One of the resources is a five minute film featuring Belsen survivors Mala Tribich and Susan Pollock. Now approaching their 90th birthdays. Both were just 14-year-old girls when they were liberated. They were also both dying of typhus. Susan speaks of the British arriving ‘finally’, in the nick of time, and the tender way a British soldier found her and saved her from almost certain death. She recalls how she met the soldier again sometime after the war at which point, she asked him: ‘What put that goodness into your heart that you picked me up so gently?’ Mala states that the soldiers appeared  ‘..like a miracle..’ and that it was the compassion of the young soldiers that not only brought them back to life but restored their humanness.

Holding hands, Belsen image

Britain’s response to the Holocaust is of course a complex one and it is important to consider what Britain did or didn’t know, should and shouldn’t have done. But there can be little doubt that those British soldiers who came upon Bergen-Belsen 75 years ago, acted with great care and compassion. Together with the medical corps’ doctors, nurses, medical student volunteers and chaplains they set about a relief effort, the likes of which had not been confronted ever before.
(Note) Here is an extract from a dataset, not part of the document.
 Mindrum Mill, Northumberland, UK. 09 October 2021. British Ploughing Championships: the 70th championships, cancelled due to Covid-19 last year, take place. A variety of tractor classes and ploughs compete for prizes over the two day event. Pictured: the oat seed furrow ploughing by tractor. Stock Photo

Many of these servicemen and women knowingly risked their own lives to treat the Bergen-Belsen survivors who were fighting for their life from typhus which spreads quickly through lice infestation. Despite the efforts of the relief workers, thousands of the people found alive at liberation continued to die in the weeks and months that followed, such was the extent of their weakened condition.
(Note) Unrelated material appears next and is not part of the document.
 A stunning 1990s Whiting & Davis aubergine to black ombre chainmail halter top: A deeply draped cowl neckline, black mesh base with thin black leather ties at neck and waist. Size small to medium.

Whilst it is neither useful nor appropriate to draw parallels between the horrors of the Holocaust and the threat we find ourselves in today, the actions of human beings to put themselves at risk in order to preserve life resonates and is inspirational. NHS medical and auxiliary staff such as Mala’s grandson, who works as a junior hospital doctor caring for Covid-19 patients, nurses, clinicians, the British army supporting paramedic teams and other front-line workers do their job with courage and strength.

It is these examples, past and present, which give us optimism to face the future with positivity and hope just as Mala and Susan have done since the day they were liberated 75 years ago.

Ruth-Anne Lenga is Programme Director, UCL Centre for Holocaust Education.